Find the sum of this infinite series

Question

Sum the series $$\frac{1^2}{2^2}+\frac{1^2\cdot3^2}{2^2\cdot4^2}+\frac{1^2\cdot3^2\cdot5^2}{2^2\cdot4^2\cdot6^2}+\ldots$$

Someone please help me in finding sum of this infinite series.
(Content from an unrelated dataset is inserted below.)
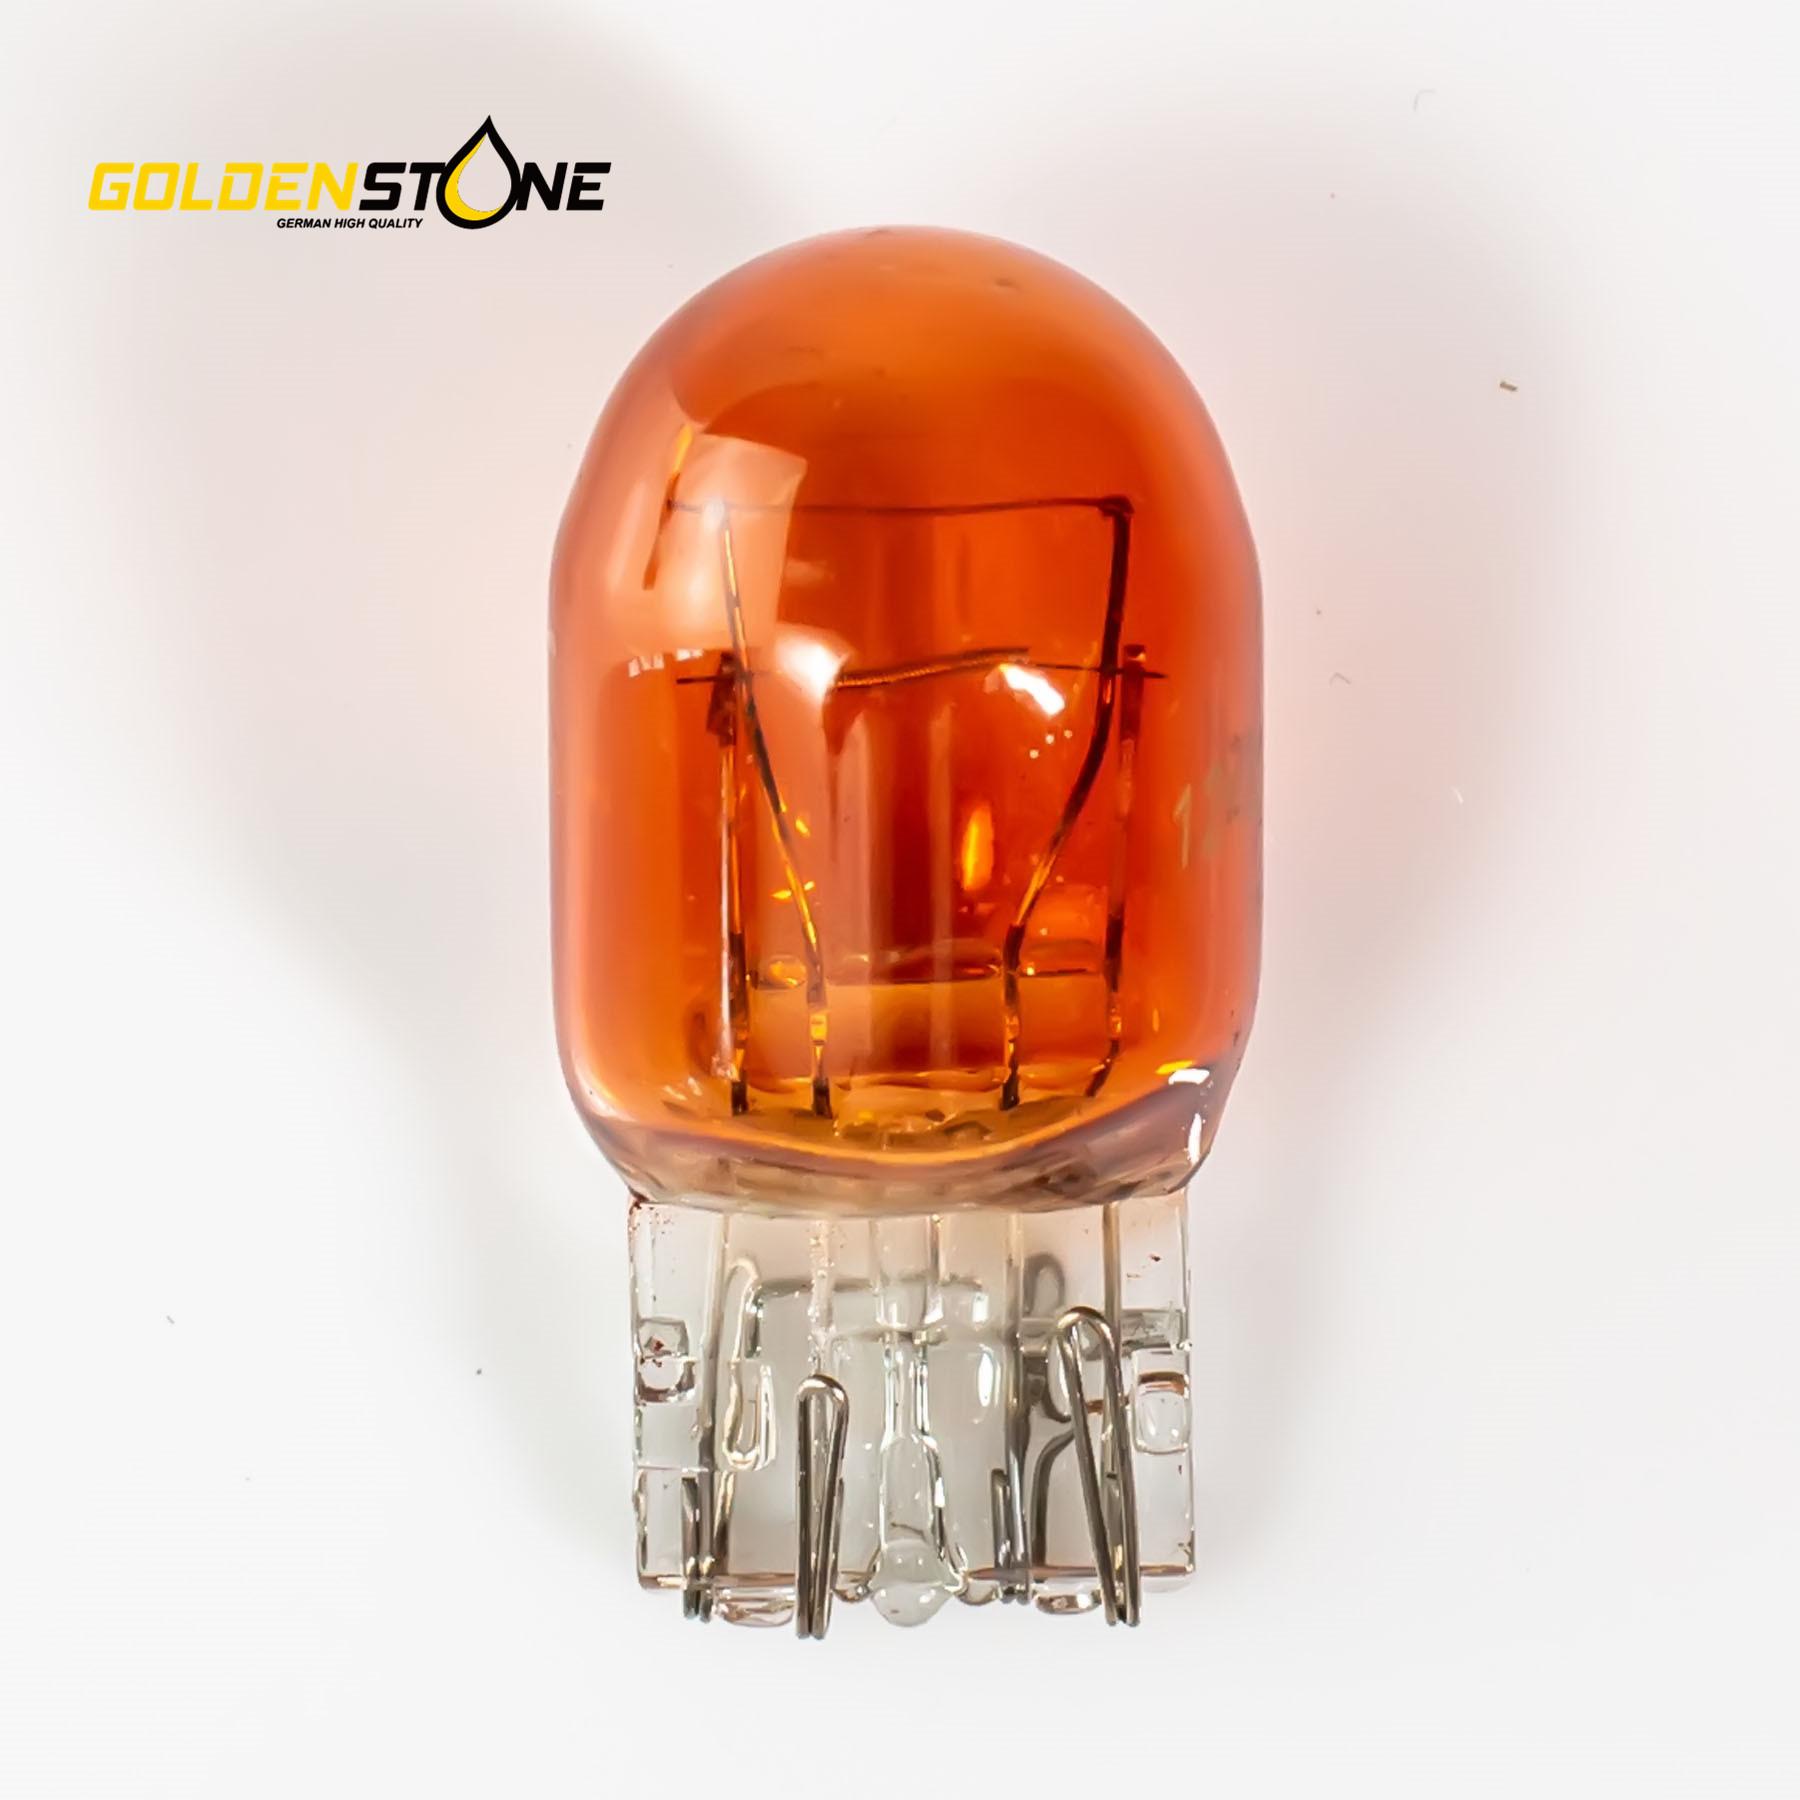 Goldenstone Pære WY21W/5W T20 W3x16q 12V 10stk.

I have never found the sum of this kind of series.

Answer 1

The function $${}_2 F_1(1/2,1/2;1;z) = 1 + \sum_{n=1}^{\infty} \frac{((1/2)(3/2)...(1/2 + n - 1))^2}{n!^2} z^{n} = 1 + \sum_{n=1}^{\infty} \Big( \frac{1 \cdot 3 \cdot ... \cdot (2n-1)}{2 \cdot 4 \cdot ... \cdot (2n)} \Big)^2 z^{n}$$

can be expressed as an elliptic integral $$\frac{2}{\pi} \int_0^{\pi/2} \frac{1}{\sqrt{1 - z \sin^2(\theta)}} \, \mathrm{d}\theta$$ whenever $|z| < 1.$

From the integral representation it is easy to see that diverges as $z$ approaches $1$. For fun, the alternating series with $z = -1$ can be evaluated as $$1 -\frac{1^2}{2^2} + \frac{1^2 \cdot 3^2}{2^2 \cdot 4^2} \pm ... = \frac{\Gamma(1/4)^2}{(2\pi)^{3/2}} \approx 0.8346$$

Answer 2

One may observe that the general term of this series rewrites $$ a_n:=\frac{1^2\cdots(2n-1)^2}{2^2\cdot4^2\cdots(2n)^2}=\frac{[(2n)!]^2}{2^{4n}\cdot(n!)^4} $$ thus, as $n \to \infty$, it satisfies $$ \left|\frac{a_n}{a_{n+1}}\right| = 1+ \frac{1}{n} + \frac{C_n}{n^2},\quad |C_n|<1, $$ and the series diverges by Gauss' test which is a refined ratio test.